Flibanserin (Addyi-Sprout Pharmaceuticals) is a first-in-class oral medication approved by FDA for the treatment of acquired, generalized hypoactive sexual desire disorder (HSDD) in premenopausal women. Although it meets the need for drugs that address women's sexual function, flibanserin is unlike agents that treat erectile dysfunction, as it is intended to increase sexual desire, not performance.

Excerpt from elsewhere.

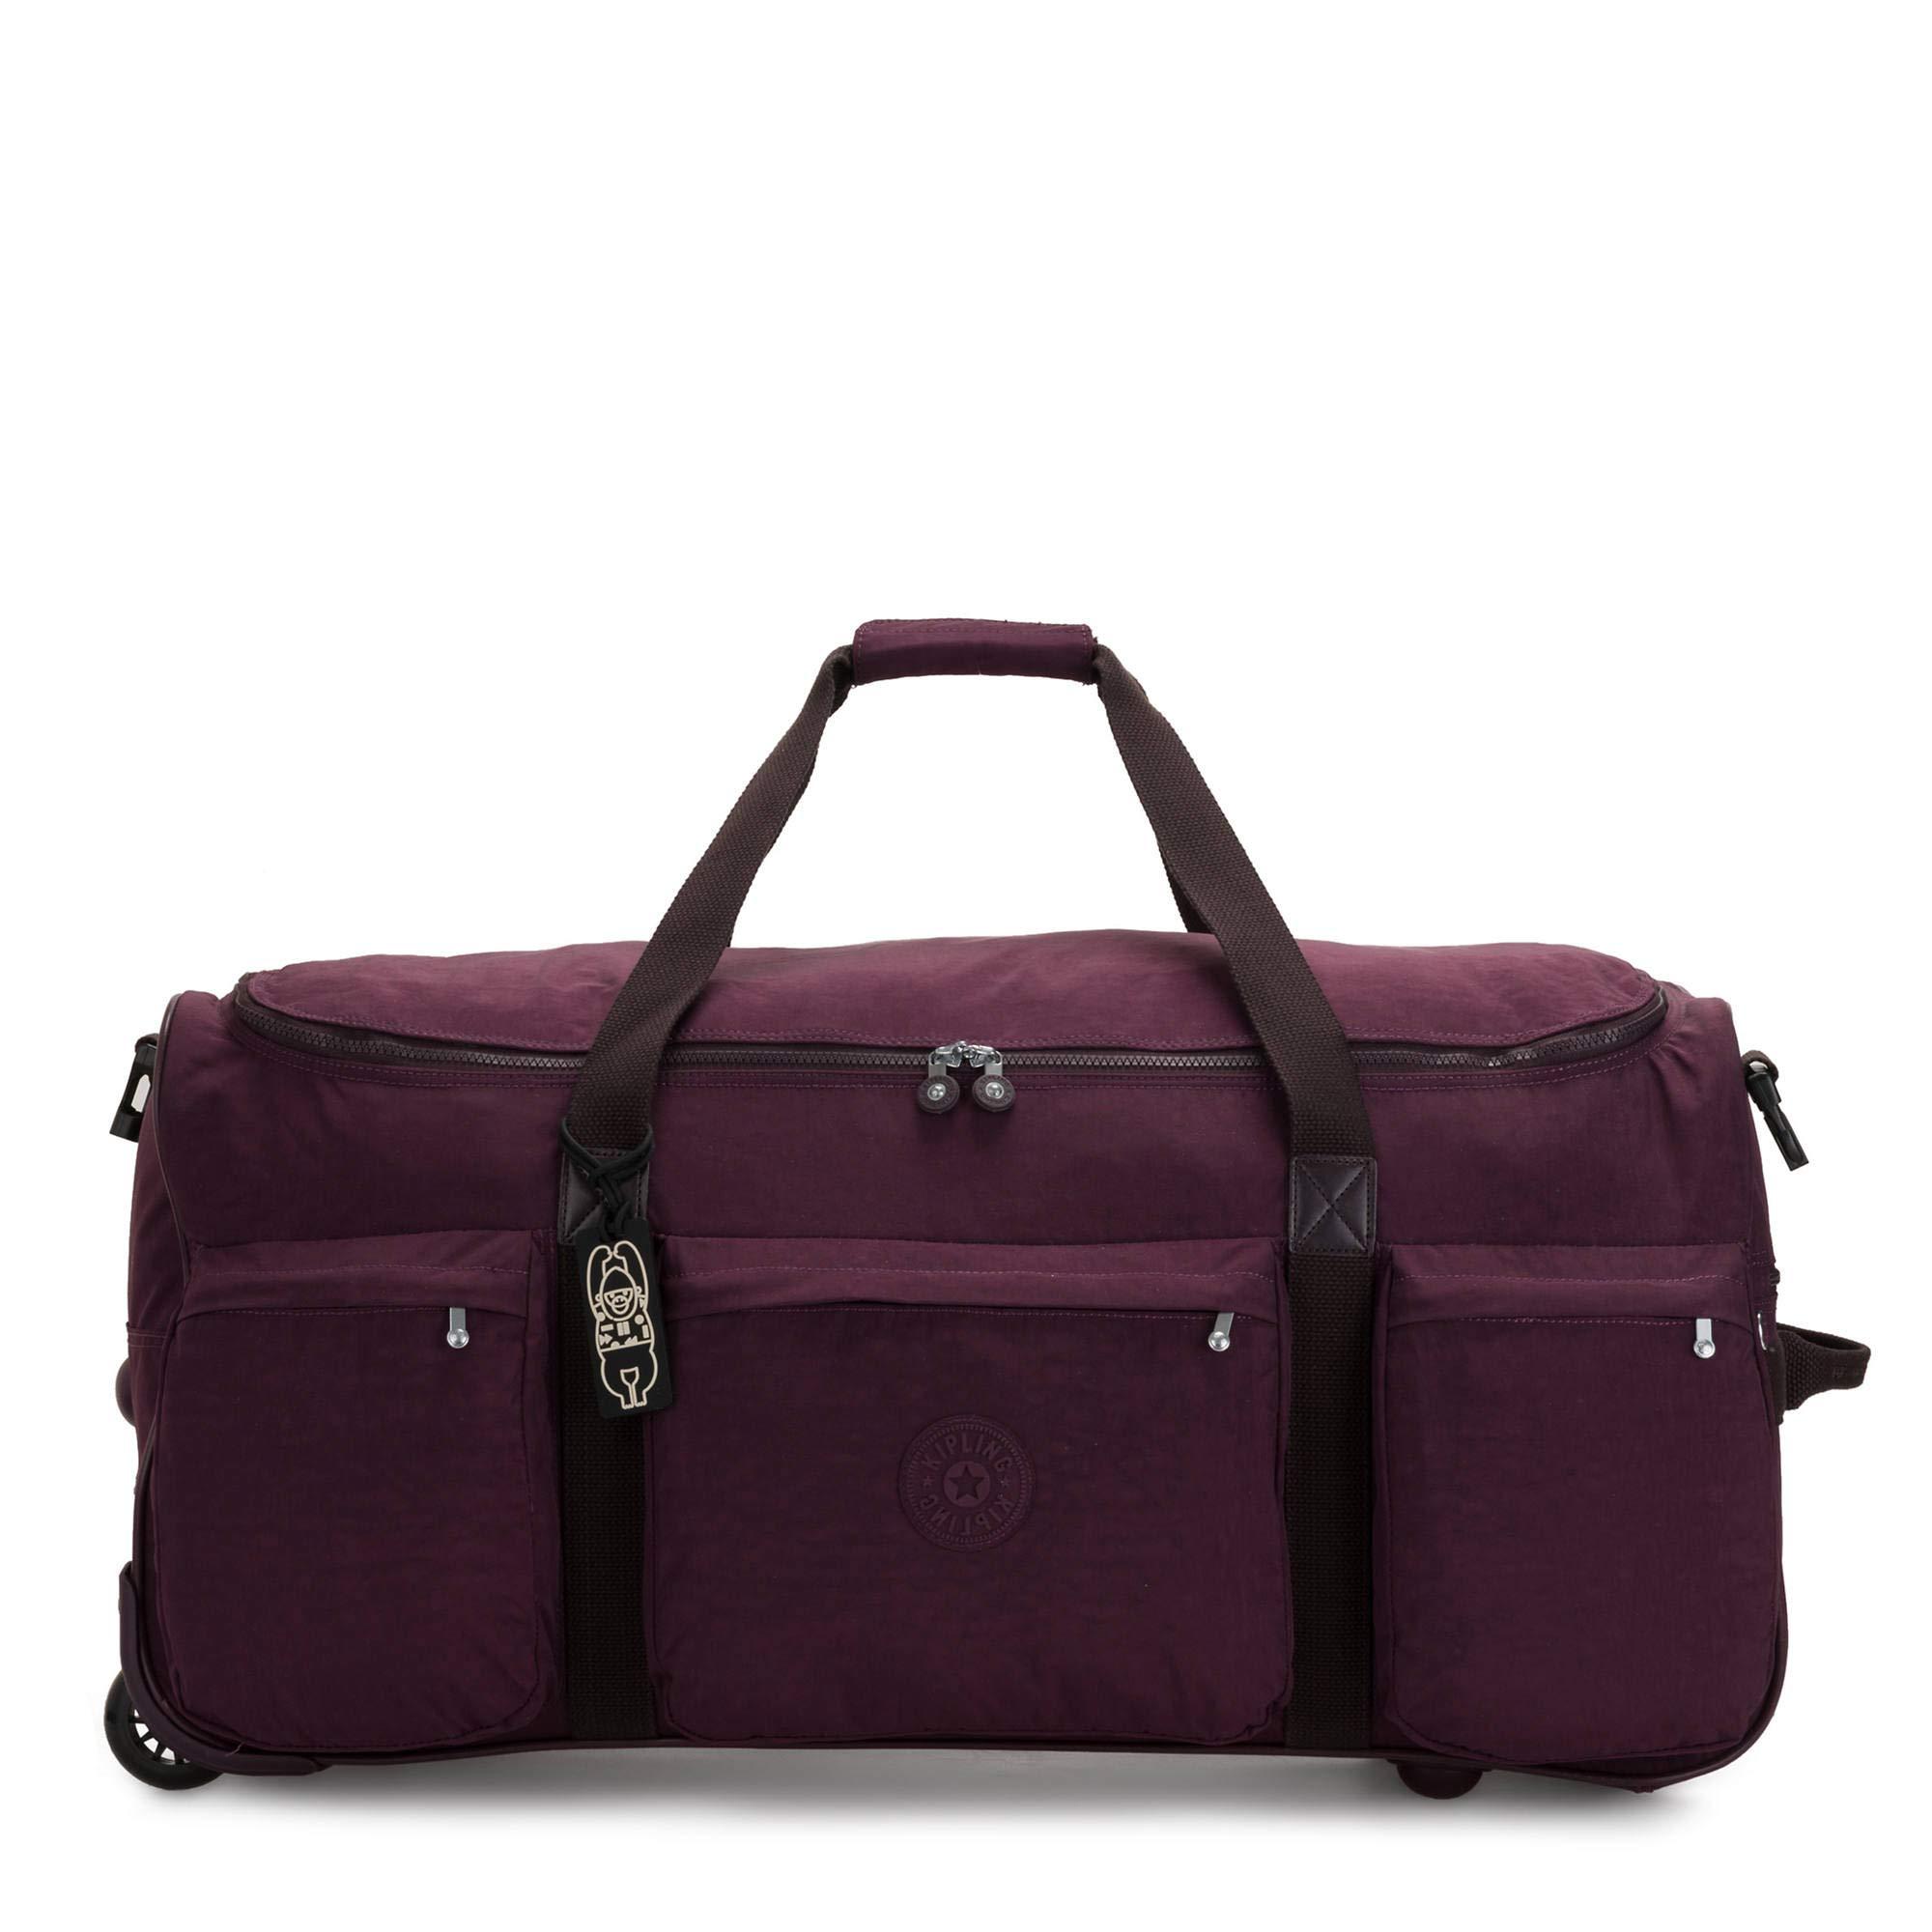 Kipling Synthetic Discover Large Rolling Duffle Weekender Bag in Dark Plum  (Purple) - Lyst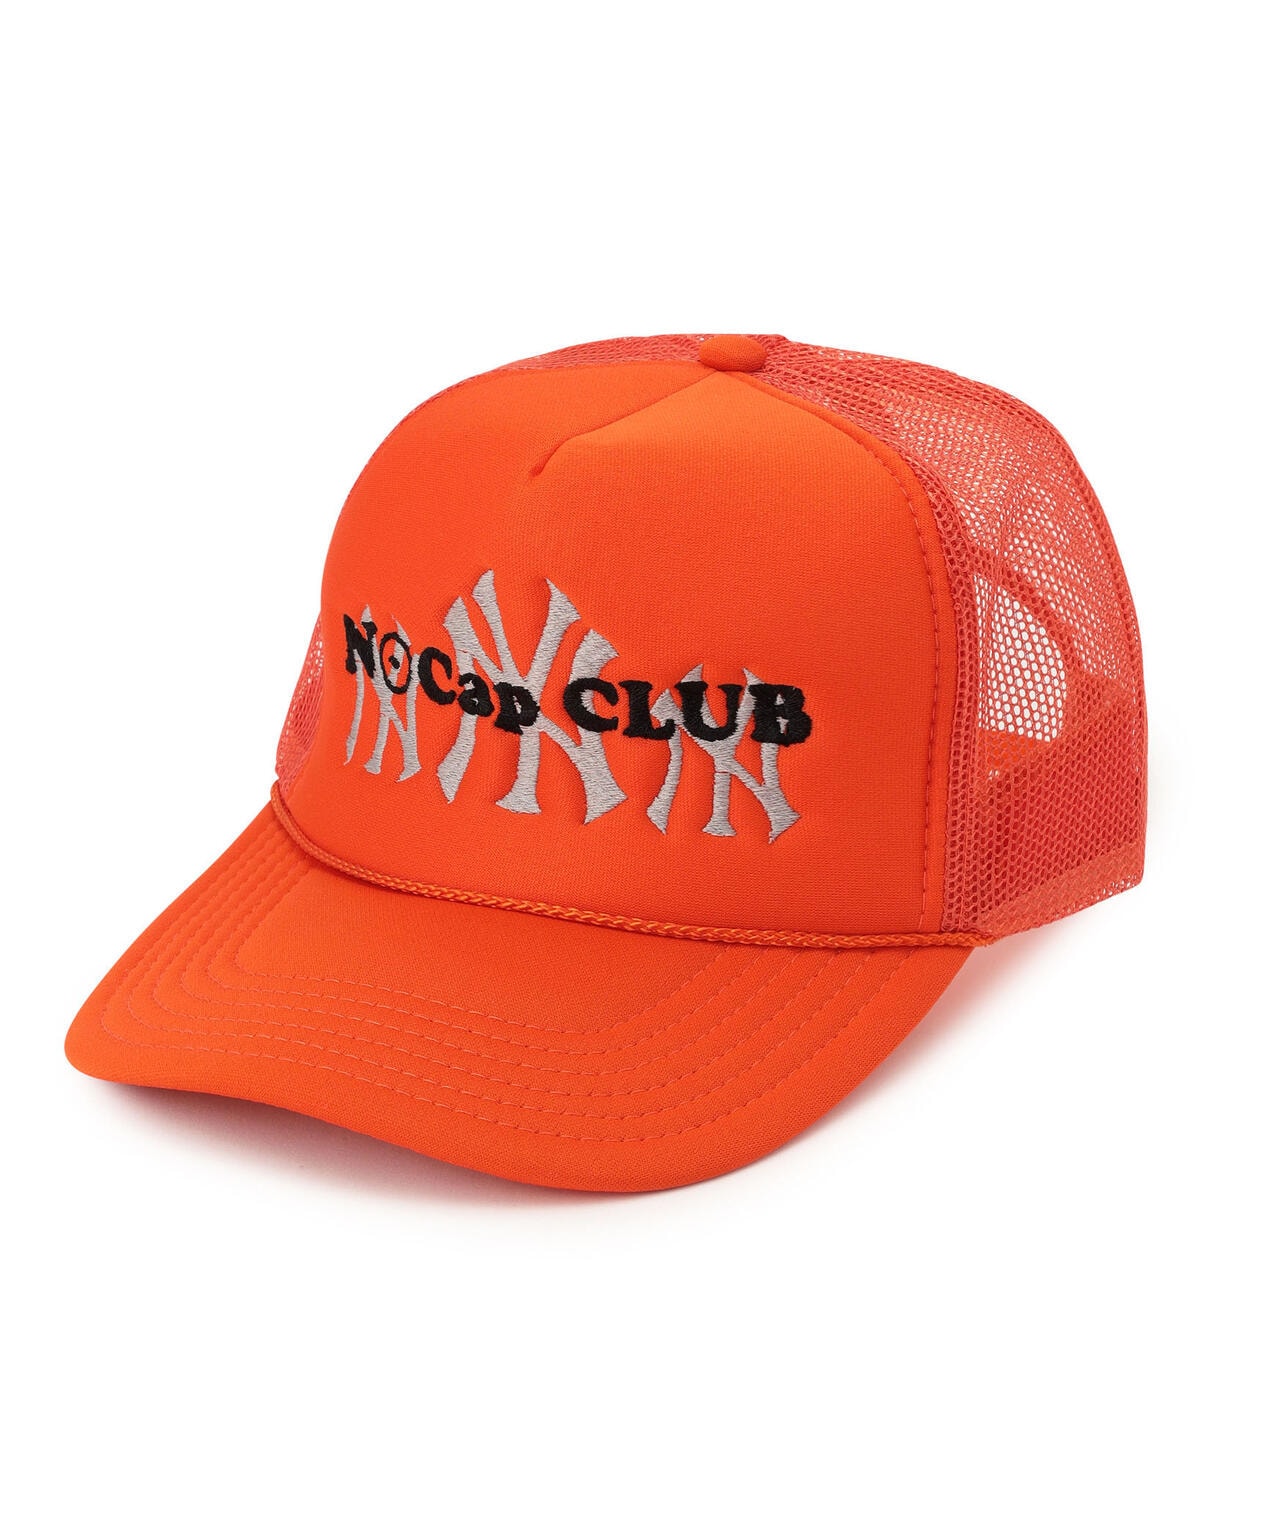 Nocapclub ノーキャップクラブ Ny Cap キャップ Lhp エルエイチピー Us Online Store Us オンラインストア

Flibanserin is the first prescription medicine for the treatment of this sexual dysfunction. The FDA approval is not without warnings; flibanserin is subject to the Risk Evaluation and Mitigation Strategy (REMS) to ensure safe use by patients, and has a boxed warning directed to prescribing providers. The goal is to inform patients and providers of the increased risk of hypotension and syncope (Vallejos 2017).
Filbanserin is an agonist of serotonin-5HT1A receptor and an antagonist of the 5-HT2A receptor. Binds dopamine receptors with Ki values ranging from 4-24 nM. Used to treat hypoactive sexual desire disorder in females.
Flibanserin is an N-alkylpiperazine that is 1-[2-(1,3-dihydro-2-oxobenzimidazol-1-yl)ethyl]piperazine in which the remaining amino proton is replaced by a 3-(trifluoromethyl)phenyl group. A multifunctional serotonin agonist and antagonist which is used for the treatment of pre-menopausal women with hypoactive sexual desire disorder. Flibanserin has a role as a serotonergic agonist, a serotonergic antagonist and an antidepressant. Flibanserin is a member of benzimidazoles, a N-arylpiperazine, a N-alkylpiperazine and an organofluorine compound.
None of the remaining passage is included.